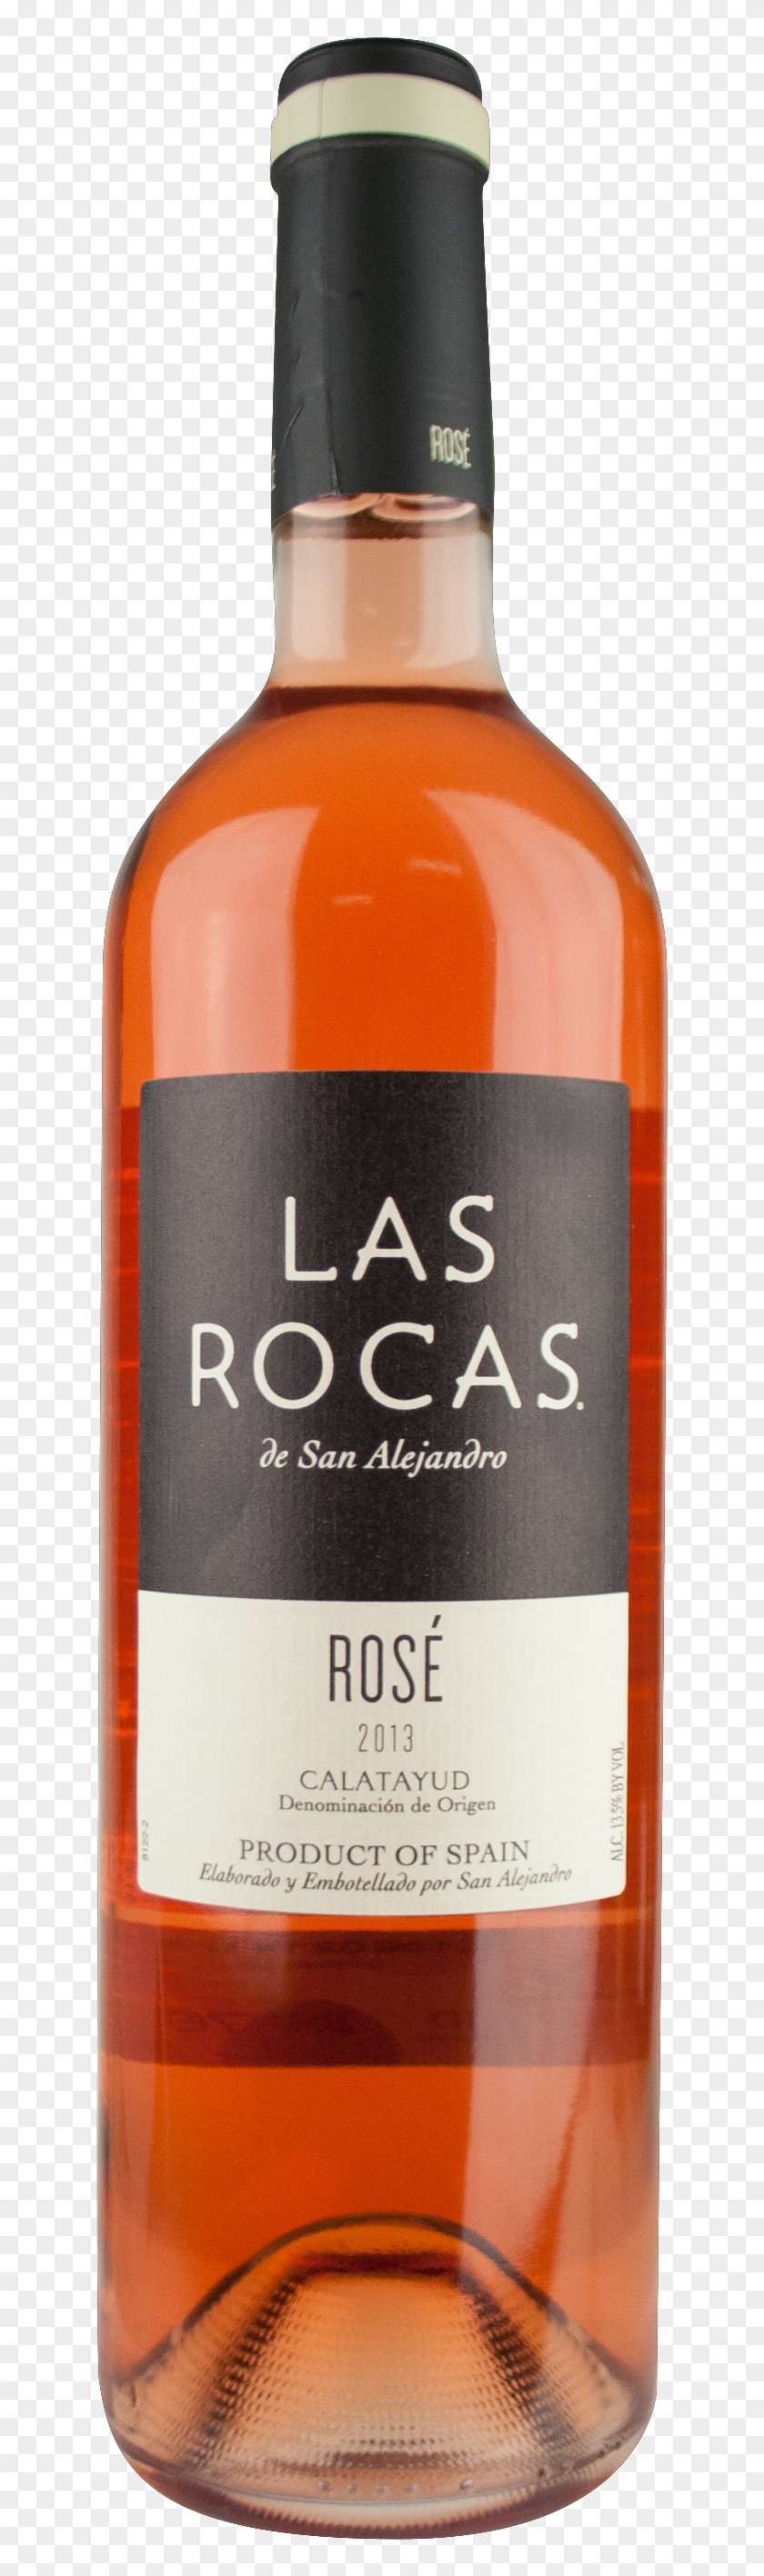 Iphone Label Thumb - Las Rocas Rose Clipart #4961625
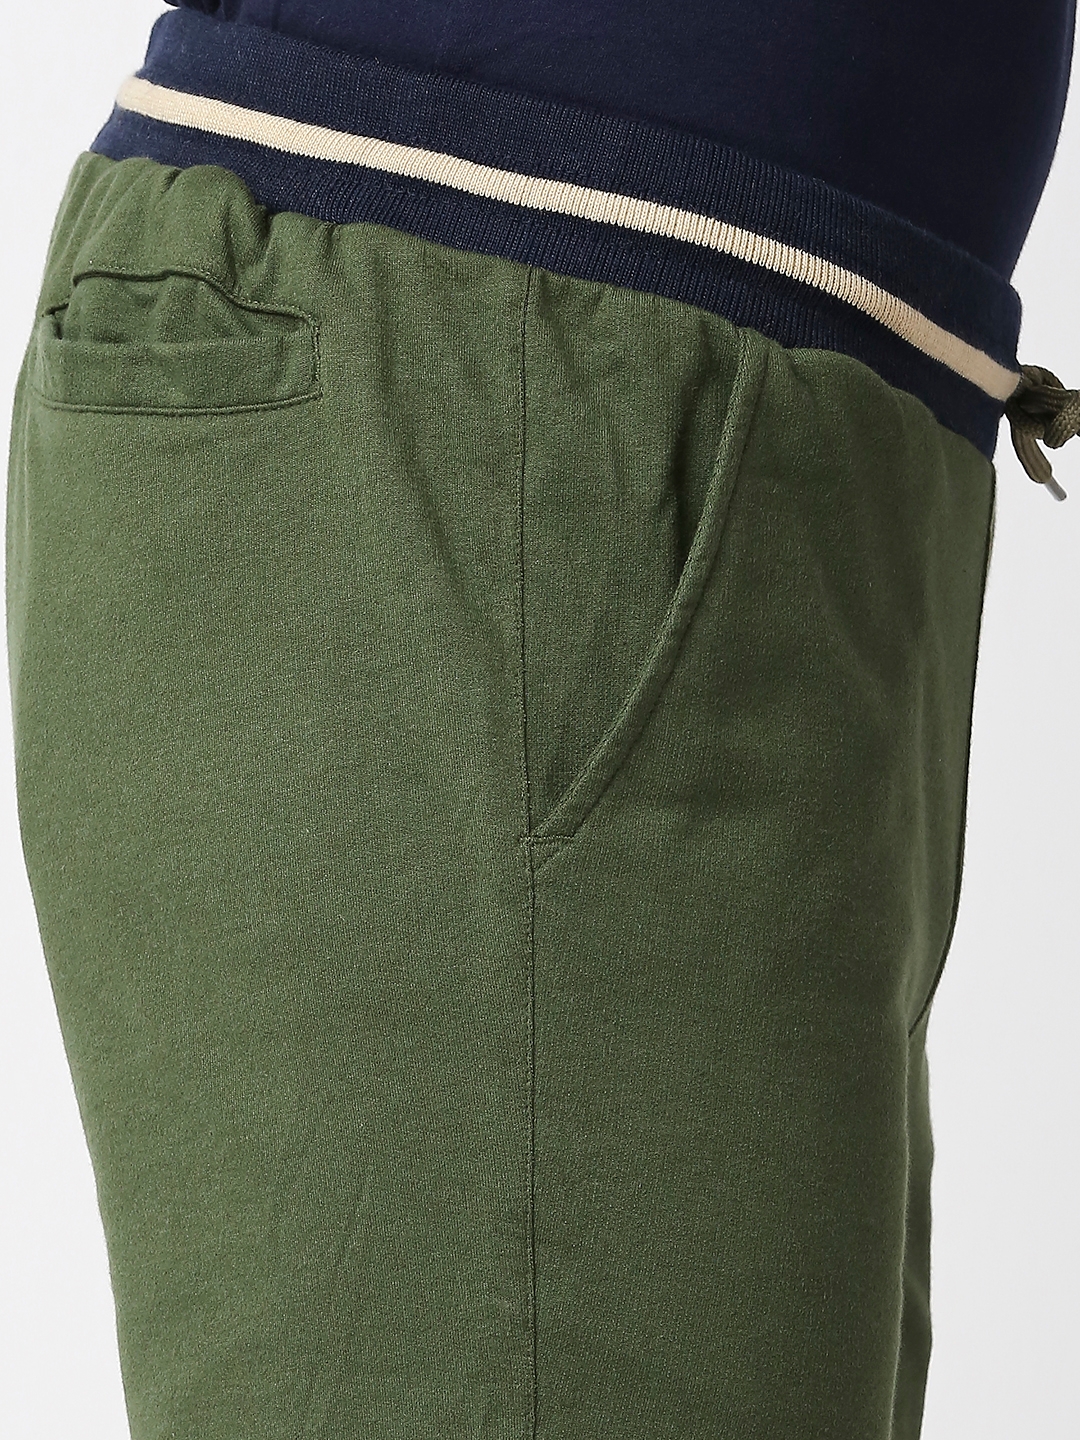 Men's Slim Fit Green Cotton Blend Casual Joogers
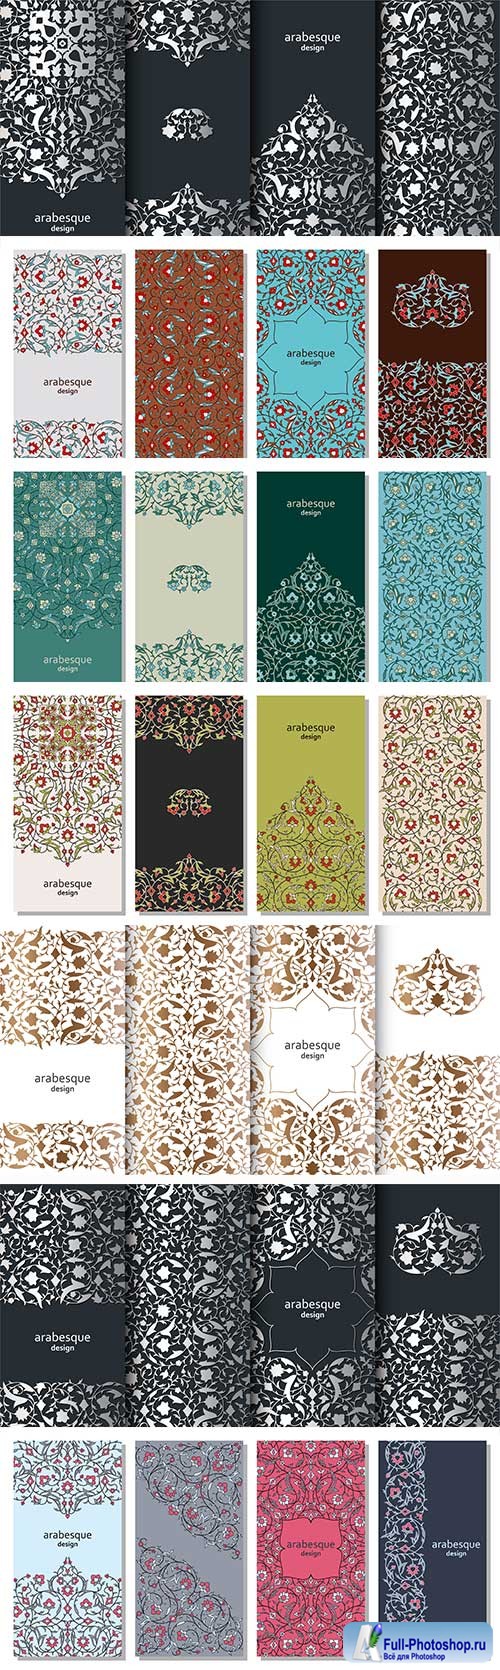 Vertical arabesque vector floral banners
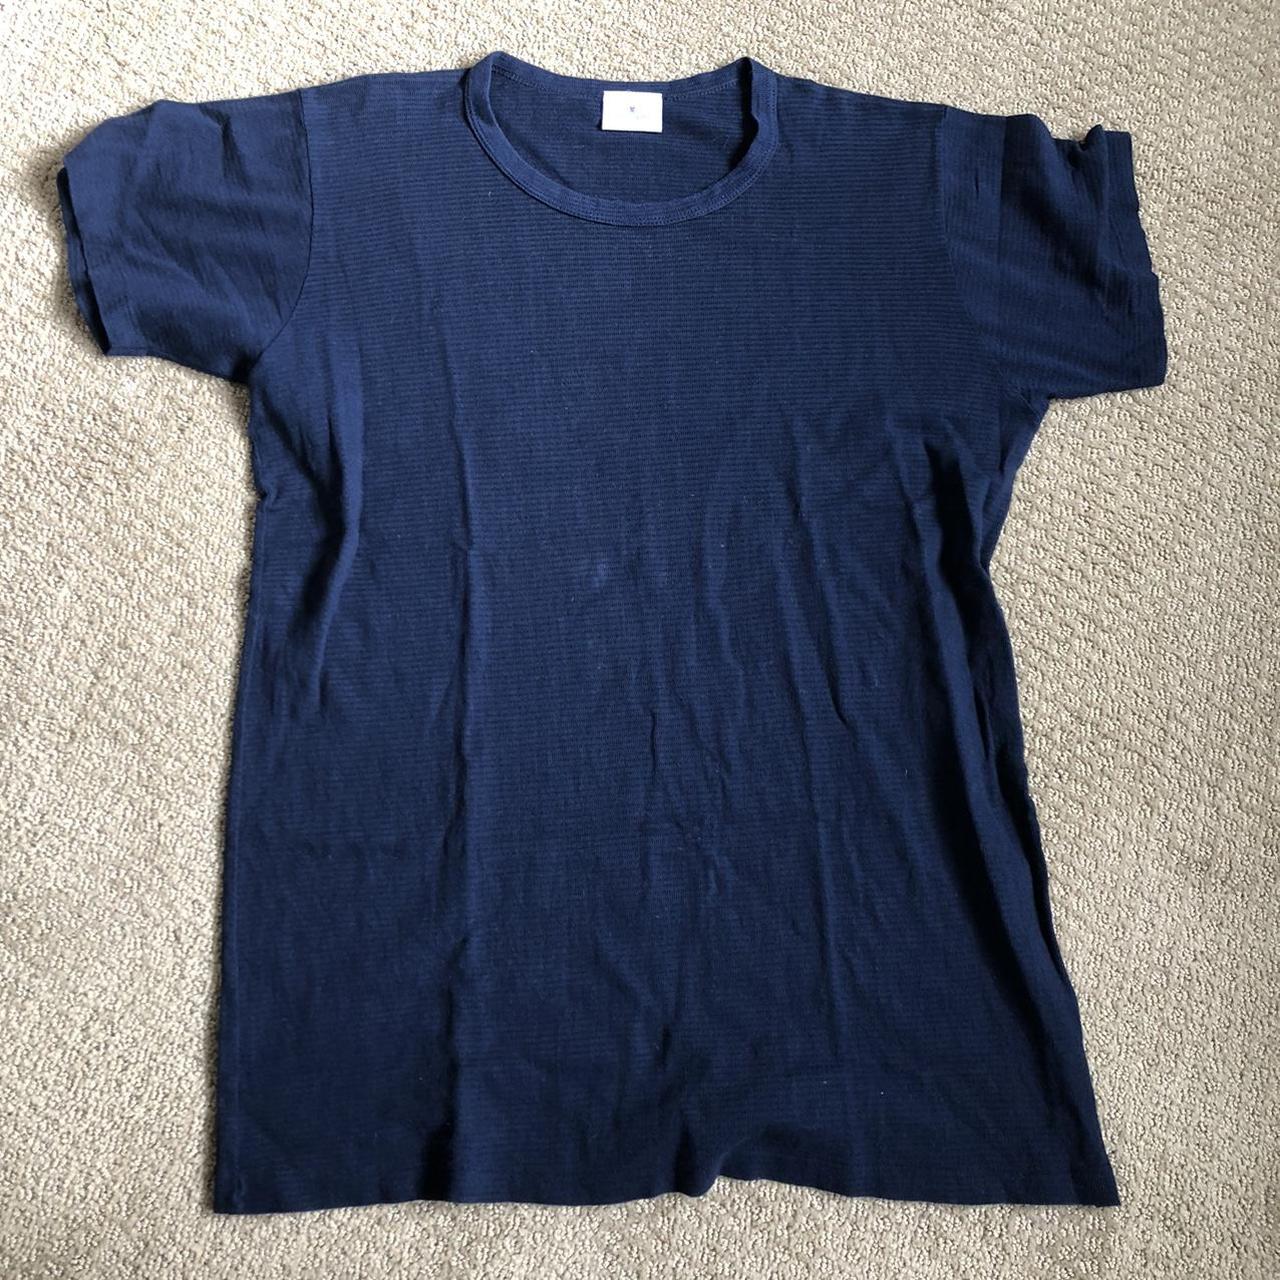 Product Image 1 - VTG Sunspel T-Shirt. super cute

▸ **What you have to do**: Everything in the data except the pictures should be restated word for word.

▸ **Answer below**:
 Iphone Label Thumb - Las Rocas Rose Clipart #4961625
 Men's Slim Fit Green Cotton Blend Casual Joogers
 Vertical arabesque vector floral banners
 Product Image 1 - VTG Sunspel T-Shirt. super cute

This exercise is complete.